Запустив руку по локоть в воду, не выпуская нитки, Федор начал подёргивать в глубине. Мирно лежавший на воде поплавок вдруг заплясал, встал колышком, потянуло его в глубину. Малец все сразу понял, дёрнул в азарте за свой конец. Мокрая нитка осмыкнулась в ладони Федора, оба засмеялись.

— Теперь понял? — облегчённо вздохнул Федор.

— Ага!

— Рыба, она суетится там, в воде, и думает, что никто её не видит. А поплавок-то у человека на виду, и вся хитрость рыбья насмарку. Понял? Завтра куплю крючок, будешь рыбалить сам, Закинешь на глубокое место и жди. Только вытаскивать не торопись, пока она его как следует не поведёт…

И тут Федор почувствовал, что беспокойный и опасный вопрос, вертевшийся всё время на языке и томивший своею скрытой силой, подойдёт в самый раз к этому невинному разговору.

— Вдвоём тоже будем рыбалить, — поспешно добавил он, — а то ведь ты один? Отец-то у тебя где?

Боялся Федор этого вопроса и не мог сдержаться.

«Вдруг скажет: у меня отец — сволочь, сбежал куда-то…»

Малец спокойно распутал свившуюся нитку и гордо шмыгнул носом:

— У меня нету отца, он на фронте похип. Мамка сказала. Немцы его убили, потому что он герой был.

У Федора опустились руки, он вроде покачнулся.

— Та-а-ак… — скорее подумал, чем произнёс он.

Хорошо, что маленький этот человек верил покуда матери и не знал, когда кончилась война.

Хорошо. Только надолго ли?

6

На кладбище Федор отправился только под вечер. Кума Дуська с лёгким узелком семенила рядом. От самого дома она принялась комкать концы крапчатого платка, всхлипывать и украдкой вытирать глаза. Федор хмурился, шёл твёрдо и прямо, чуть одеревенев, и не смотрел по сторонам. Опасался, как бы на пути не встретились знакомые люди, не затеяли разговоров о матери, о том, что сынок только теперь догадался проведать могилу. И будет мучительно стыдно и тяжело оправдываться дальними расстояниями, слушать чужие, неискренние, а то и осуждающие вздохи.
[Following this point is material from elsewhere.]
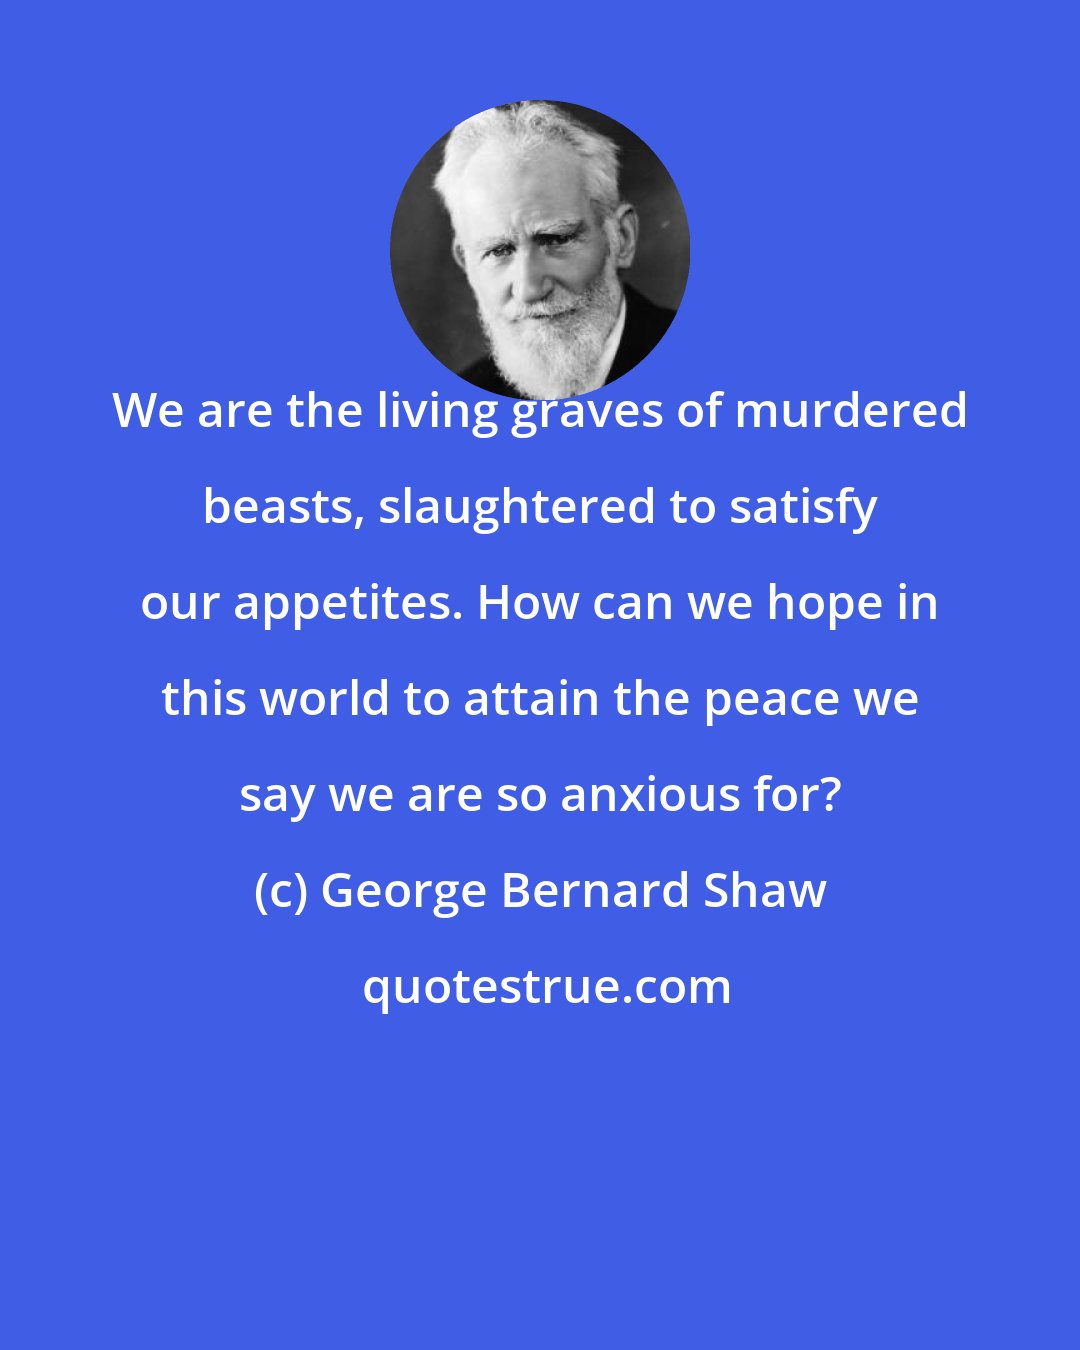 George Bernard Shaw: We are the living graves of murdered beasts, slaughtered to satisfy our appetites. How can we hope in this world to attain the peace we say we are so anxious for?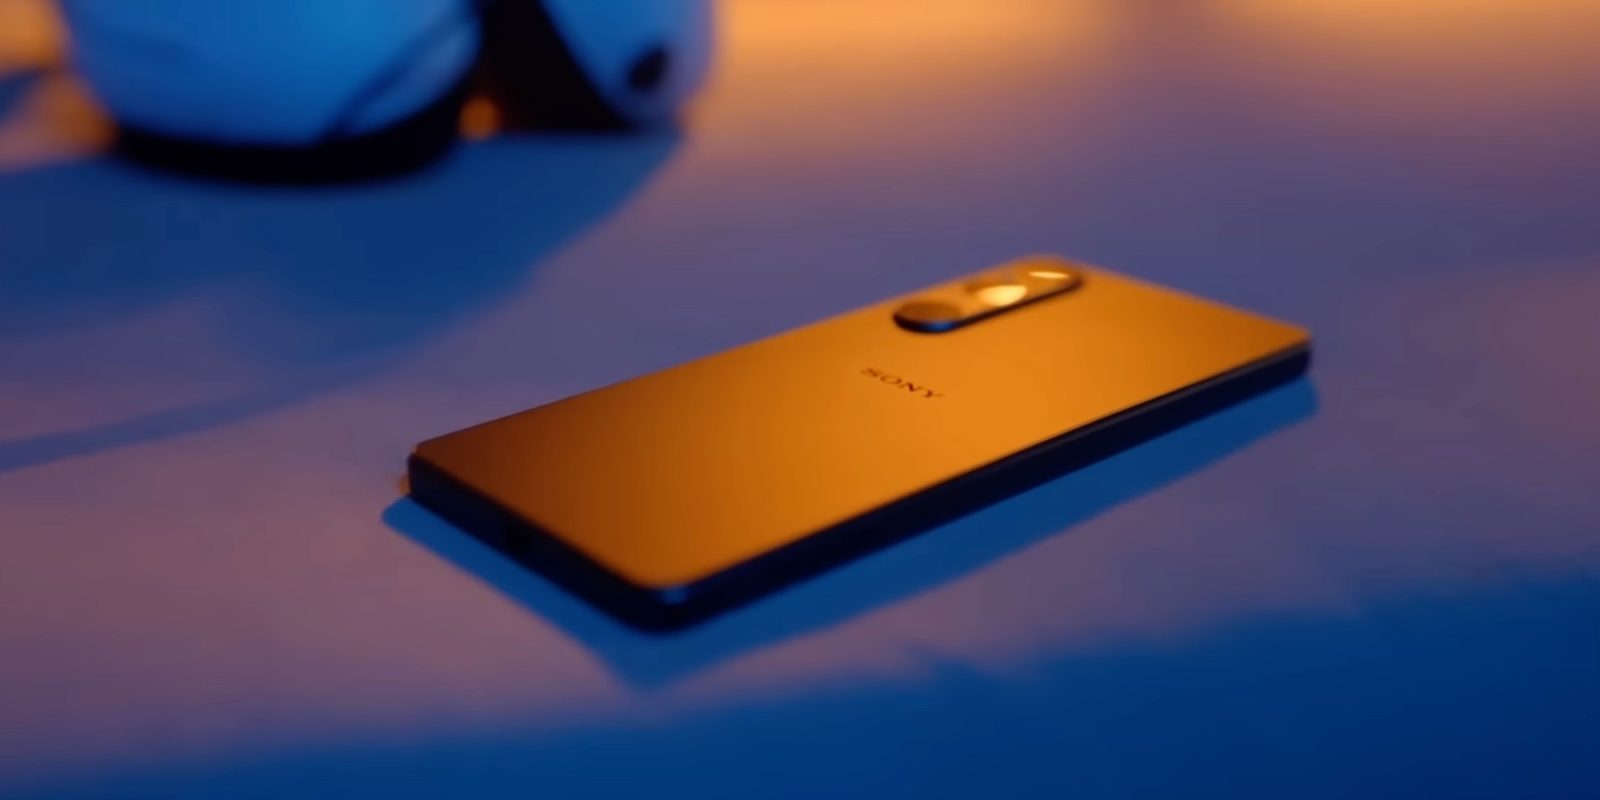 Sony could launch the Xperia 1 VI at May 17 event

Вода в речке заметно спала. У самой кладки в воде стояла автомашина. Ашот Вартанян, голый и чёрный, как грач, хлестал из ведра по крыльям и капоту, иной раз остатки выплёскивал наверх, в кузов. Там прыгали и орали станичные мальчишки. Их было человек десять, они толкались, закидывали ноги через борт, и тогда Ашот не жалел полного ведра. Вода лилась по крашеным бортам, смывала пыль и грязь, обнажая свежую зелёную краску. А в кузове стоял великий гвалт:

— Дядя Ашот, ещё!

— А я не боюсь, я высохнул!

— А я без рубахи! Мне мамка новую сшила и не даёт!

— Поеха-али! Ту-ту-ту!! — какой-то храбрец с одной подтяжкой через плечо уже топал босыми ногами по крыше кабины, презирая опасную высоту, но его мигом стащили оттуда и дали заслуженного подзатыльника, чтобы не лез выше остальных.

Ашот поздоровался, выпрямившись, откидывая мокрый чуб. На лбу и подбородке — мазутные полосы и весёлые, дрожащие капли. Федор кивнул молча, пропуская вперёд старуху. Они перешли по кладке и, спрямляя дорогу, пошли узкой тропинкой, а вслед долго ещё неслись весёлые ребячьи выкрики.

Кума Дуська оглянулась, постояла в раздумье и развязала концы платка.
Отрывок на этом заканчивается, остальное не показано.